How Much? For What?
Ideally, a couple should save 10–15% of their gross (pre-tax) salary each year. Sure that might seem like a ton of money especially when you’re barely making ends meet, but a little planning and discipline and you’ll come close.
Know your money goals. What’s the amount you’ll need to buy, say, a new hybrid car or a house? Write down no more than three goals in each of the following categories:
--Short-term (six months or less)
--Medium-term (one to three years)
--Long-term (three or more years)
Put a cost next to each goal, and a time frame for reaching it. Now, compare lists identifying the crossover, and finalizing your goals.The Big Three
Every couple should get cracking on the following three investments ASAP:
1. Down payment on a house. “Home ownership offers considerable tax advantages,” Deborah says. “You can deduct mortgage interest and real estate taxes, and it forces you to save, but you’re building equity in something that will likely increase in value.”
2. Retirement. “You’re going to be pretty much on your own at that age,” Deborah says. “And that isn’t me trying to scare anyone or be an alarmist. It’s reality.” In other words, if you’re not contributing to your 401(k), begin.
3. Emergency fund—roughly three to six months of living expenses. It’s a piggy bank you should never break into without dire need. For example, one of you might switch jobs and suffer a huge lag between paychecks, the car could crap out for no reason, or you could snowboard into a tree. Life’s uncertain, but having an emergency fund will definitely ease financial pain.
Determine your risk tolerance based on how fast you want your money to grow and how soon you’ll need the money. Do you want to invest in risky individual stocks and possibly get a higher return or would you rather just put it in autopilot with index funds that are based on market performance. (These have returned about 8% a year over the last 10 years.)
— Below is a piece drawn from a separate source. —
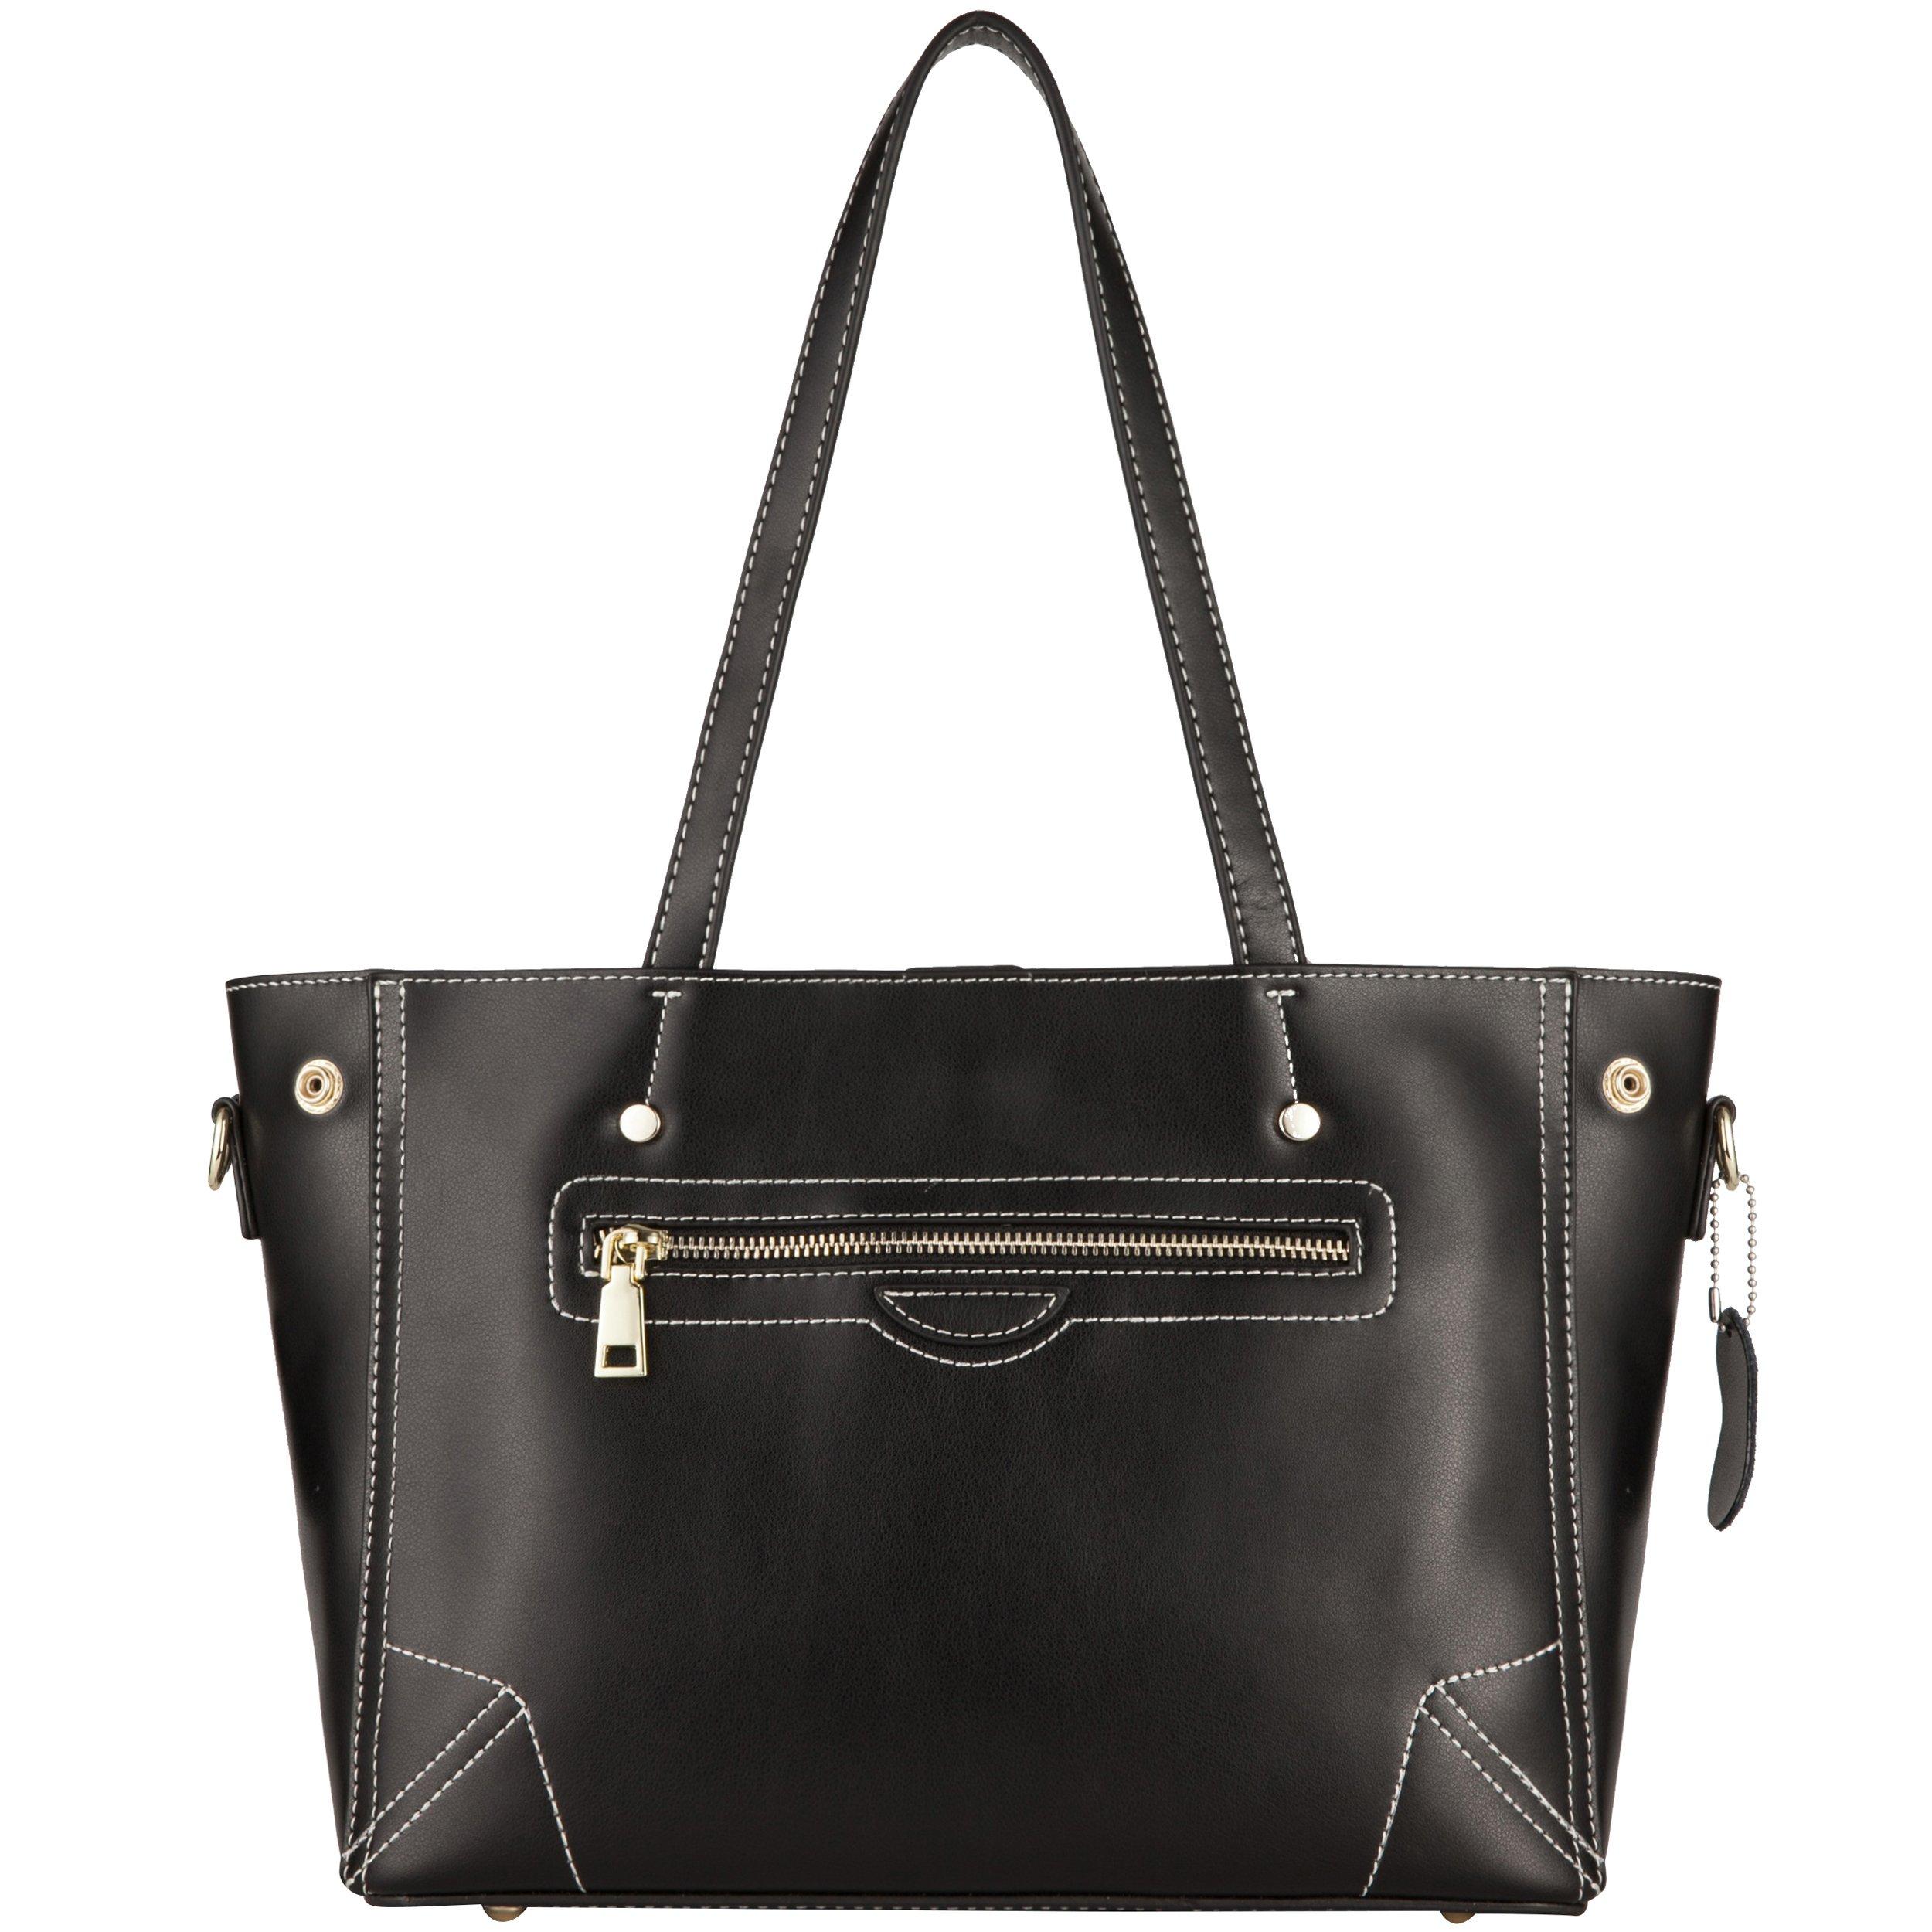 Yiwanda Handbags for Women in Genuine Leather Large Tote Bags Shoulder Bags (Black)

If you plan on buying a house in the next year, then you should keep your money more liquid—meaning choose 3 month Treasury Bills with a return of about 4% and a purchase fee over maxing out your 401K and risking penalties when you take the money out.
Wondering if you should you see a financial planner? The short answer is: Definitely. A financial planner will help you avoid making costly mistakes, like getting the wrong kind of insurance. They can also help you make the most of your retirement savings -- an advantage not to be underestimated -- by reviewing your 401(k) plan offerings and making recommendations based on your goals and risk tolerance. If you don’t have a 401(k) option, a planner can even advise you which type of IRA to set up using the same criteria.